Al sentirse descubierta la joven escapó y, convertida en araña, se escondió detrás de la vegetación de Macuira, en el hoy parque nacional de La Guajira. Pero todos sus tejidos quedaron en la casa del pastor, que invitaba a los indígenas wayuu para que vieran el arte de Waleker. Así aprendieron poco a poco, al ver los estilos y tejidos colores.
Esta historia es un mito que se cuenta desde hace siglos entre tejedoras wayuu, cada vez que se reúnen a compartir sus conocimientos. “Antes de que llegaran los españoles, nuestros ancestros ya sabían tejer”, dice Conchita Iguarán, maestra artesana y líder en su comunidad.
Las figuras que se plasman en los tejidos forman parte del día a día. La iconografía está inspirada en la naturaleza.“Todo lo que en medio de nuestro entorno tuviera una figura geométrica servía de inspiración para crear nuevos diseños: las tripas de la vaca, la nariz de toro, la vulva de la burra, el ojo del pescado e incluso la cabeza de la mosca”, describe Iguarán, sentada en una mecedora mientras cruza hilos entre sus dedos para convertirlos en una sola pieza.
Conchita confiesa que tejer es más que un trabajo con el que lleva el sustento a su casa. “Mis hijos me dicen que soy adicta al trabajo, porque empiezo a tejer muy temprano y termino muy tarde, pero es más que eso, es una pasión que recorre mi cuerpo. Es la esencia de las mujeres wayuu, la raza que represento” . Así justifica la mujer de 63 años los hilos que están en su habitación, en la mesita de noche; las mochilas y chinchorros que cuelgan en cada rincón de su casa, en el centro de Uribia.

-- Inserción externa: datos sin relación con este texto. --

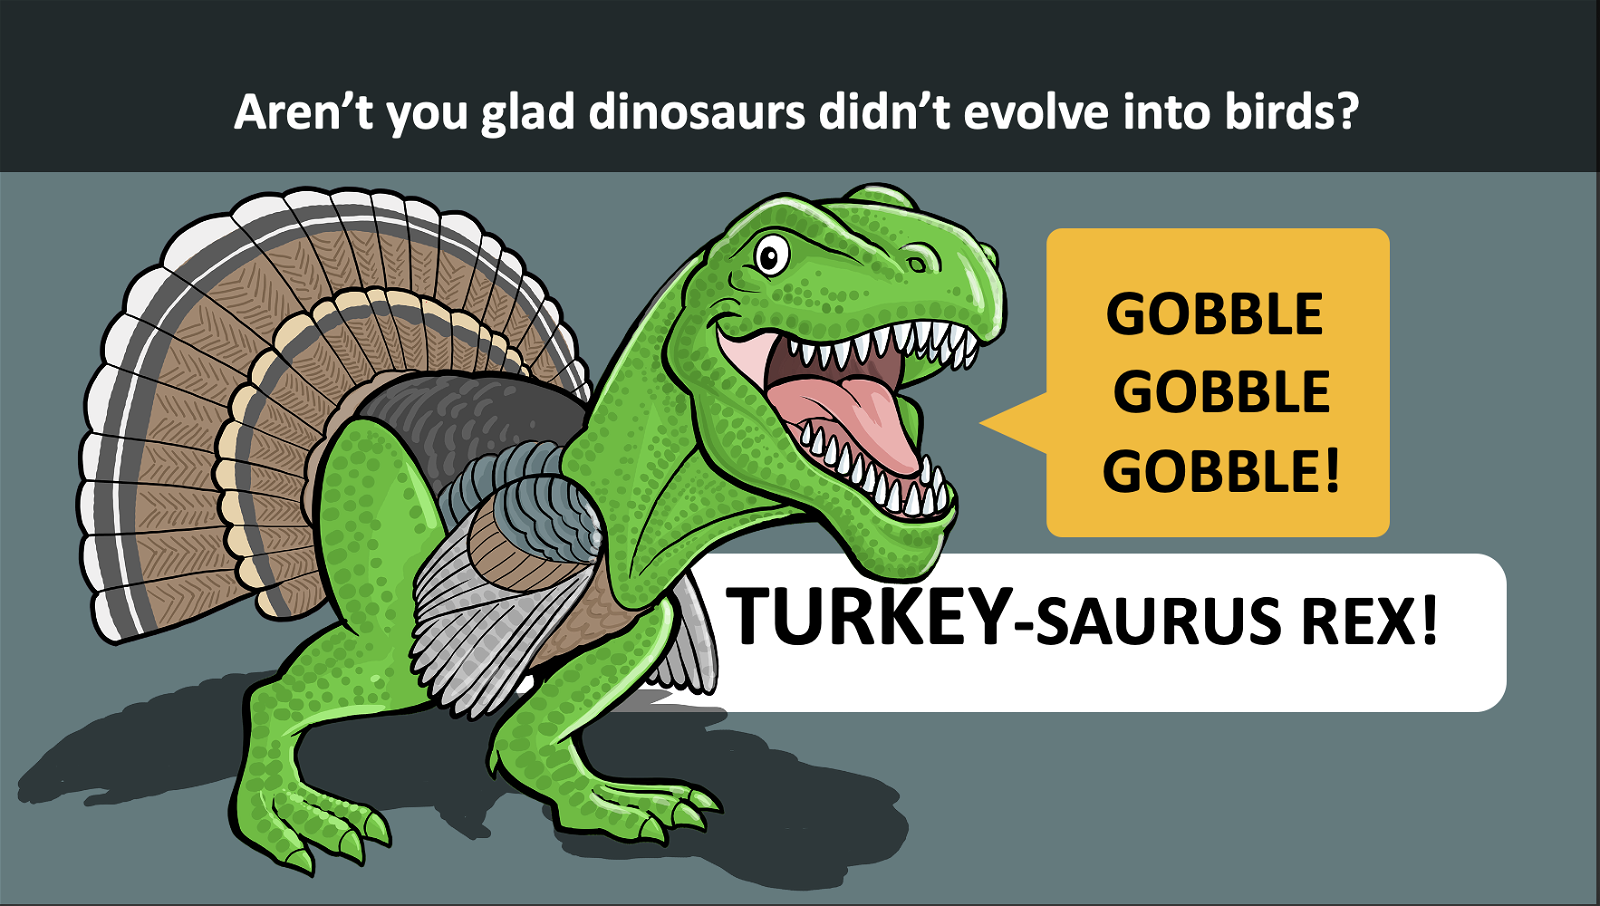 Turkey-saurus rex
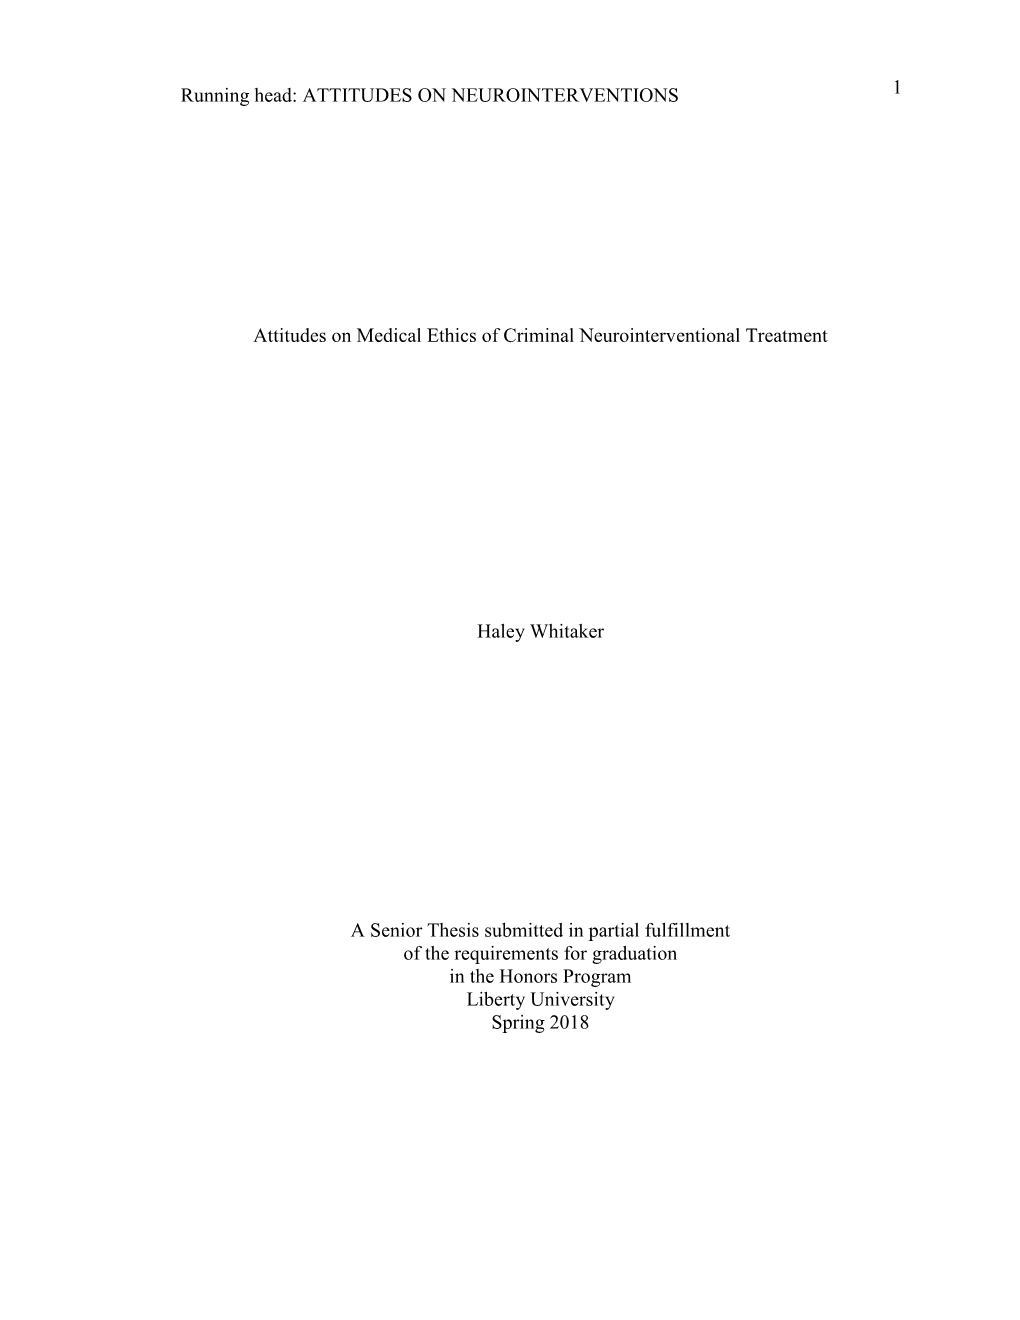 Attitudes on Medical Ethics of Criminal Neurointerventional Treatment

Las mujeres que tejen en las rancherías arrancan sus labores a las 5:00 de la mañana y a las 7 de la noche terminan la jornada. Para hacer una de las mochilas, pueden tardar hasta un mes, pero si el hilo es negro incluso tardan el doble.
No es raro observarlas tejiendo bajo los rayos del sol, con las caras cubiertas de un bloqueador color negro hecho de cebo de chivo y hongos. Al verlas, solo se identifican sus miradas y las sonrisas que muestran su gratitud cuando les compran sus productos.
Conchita aprendió a tejer a los 8 años y desde entonces no ha parado de crear y de romper esquemas. Sus tejidos la han llevado a las grandes pasarelas de moda en el mundo, como en Milán. Y así como ella, cientos de mujeres más han salido a compartir su arte con el mundo.
Incluso las mujeres más jóvenes, que quieren seguir con sus raíces pero deciden complementar el arte ancestral con el diseño de modas. Las manillas se convirtieron en brazaletes de lujo y mochilas en bolsos con pedrería, dignas de un accesorio de coctel.
La vida y el mundo cambia, en tanto que el arte evoluciona. Este oficio dejó de ser solo cuestión de mujeres. Hoy incluso los hombres lo practican. Ellos se encargan de hacer las piezas que requieren más esfuerzo físico, como los soportes o las colgaderas de las mochilas. Ahora saben Waleker, más que bellas obras, dejó el tejido que hace latir el corazón de una raza.